I have been in Elizabeth City since Monday.   The weather has been especially hot and thunderstorms pop up quite regularly.  People walk their dogs mighty early under such conditions.  Miss Thelma, Jennys’ ninety-something year old neighbor, feeds  the birds at the crack of dawn.  I get up early, by nature . . . to brew coffee.

A little robin, has evidently fallen from his nest, in the back yard, at Jennys’ house.  His parents still have some in the nest, and are frantically trying to keep all of them satisfied.  Every morning, the parents are dashing about trying to collect breakfast  for their young, but no amount of rushing seems to be adequate, for the nest makes quite a commotion and the fallen robin hops along squawking throughout the ordeal, wanting every morsel, they find.  I took to throwing strawberries and whatever else we had left, out, to aid the plight. 

Lyla and I made coconut macaroons on Tuesday.  Miss Claudia had an easy, no fail recipe . . .and so I doubled it with the idea to share.  I think we made at least a hundred of them.  No matter, how many I packaged up, or ate, we still had coconut macaroons.  It did not help, that Will did not like them.

Finally, on Wednesday, Lyla and I enjoyed a walk around the village.  Of course, we delivered macaroons, as we went.  The “laughing river” was a steel, gentle shade of blue.  We had the river and the rock, all to ourselves.  I read once, that humans crave expansive views.  There is something that is very beneficial about gazing at the ocean or vistas from a mountain top, it seems.  I think the same can be said of fields –  and laughing rivers.  It is hard to view such wonders and not feel  the “Blessed Assurance” that southern choirs sing about.   . .nor feel a Holy Presence, mightier than any earthly shackles. 

On the way back, I chose to walk the way of “Raleigh Street” where the best smelling rose grows.  Every year, I look forward to it and consider it well worth walking a bit out of the way, to do so.  The rose is not far from the sidewalk, nor the front door of the cottage, that tends it.  Lyla was delighted that we passed under a canopy of crepe myrtle trees.  She loves when a breeze loosens some of the tiny pink petals, for they fall like snow and – some land on us, as we go. On the walk back, we looked for lilies, which is her newest botanical accomplishment.  

While Lyla napped, I started on supper.  Miss Claudia was coming and that turned a week night supper, in to an occasion, for me.  Wills’ mom is one of my favorite people to cook for.  She is full of flattery, for one thing.  Besides that, we can brag on Lyla, without pretense and in total agreement.  . .besides that I have come to love her.

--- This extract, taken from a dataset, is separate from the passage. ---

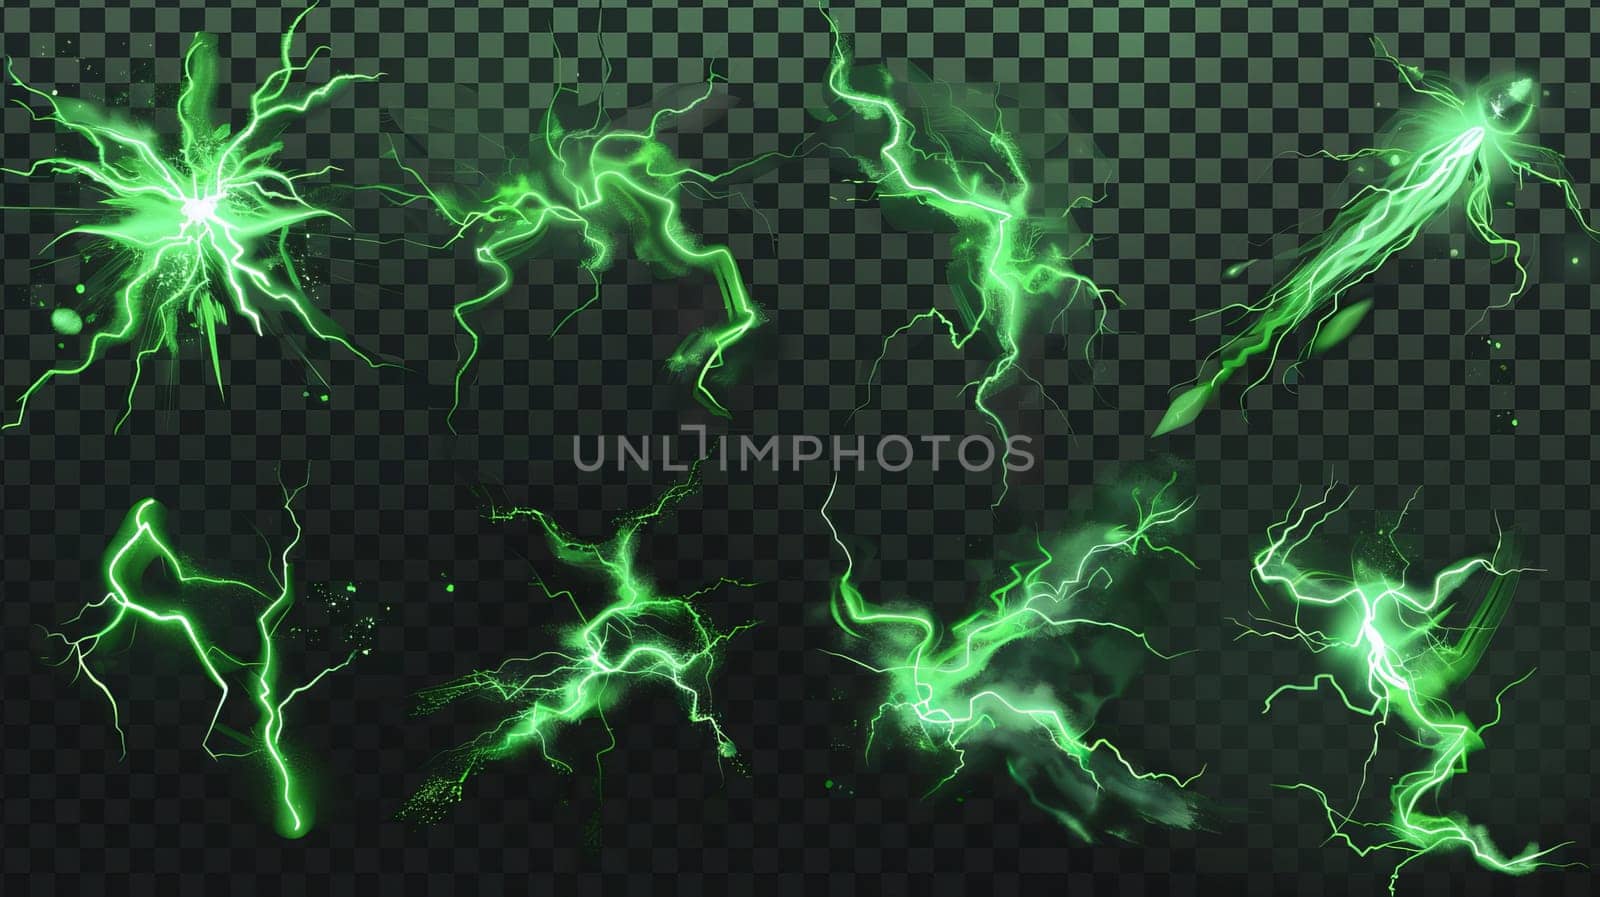 Thunderbolt discharges, lightning strikes, and electric strikes isolated on transparent background. Set of magic sparking, electric impact effects, modern realistic illustration.

Lyla still has no interest in cooking things like potatoes nor peas, so the kitchen was not nearly as lively, as it was when we made the macaroons.

On Friday, a door shut squarely in my face.  I had been entertaining a certain notion and it had seemed like progress was being made in that direction, when all of a sudden, the “door closed ” – and rather abruptly.  Now in my younger years, I did not take such things lightly and was apt to pout and fuss.  I think I may even have felt  cheated.   On this day, I actually laughed, for the turn of events were remarkably odd, but so precise.  It seems, I am finally convinced that things work out as they ought to, for I have witnessed this.  Instead of feeling slighted, I feel loved . . and protected.  Dare I say, “I went down a rabbit hole”, that I did not belong in?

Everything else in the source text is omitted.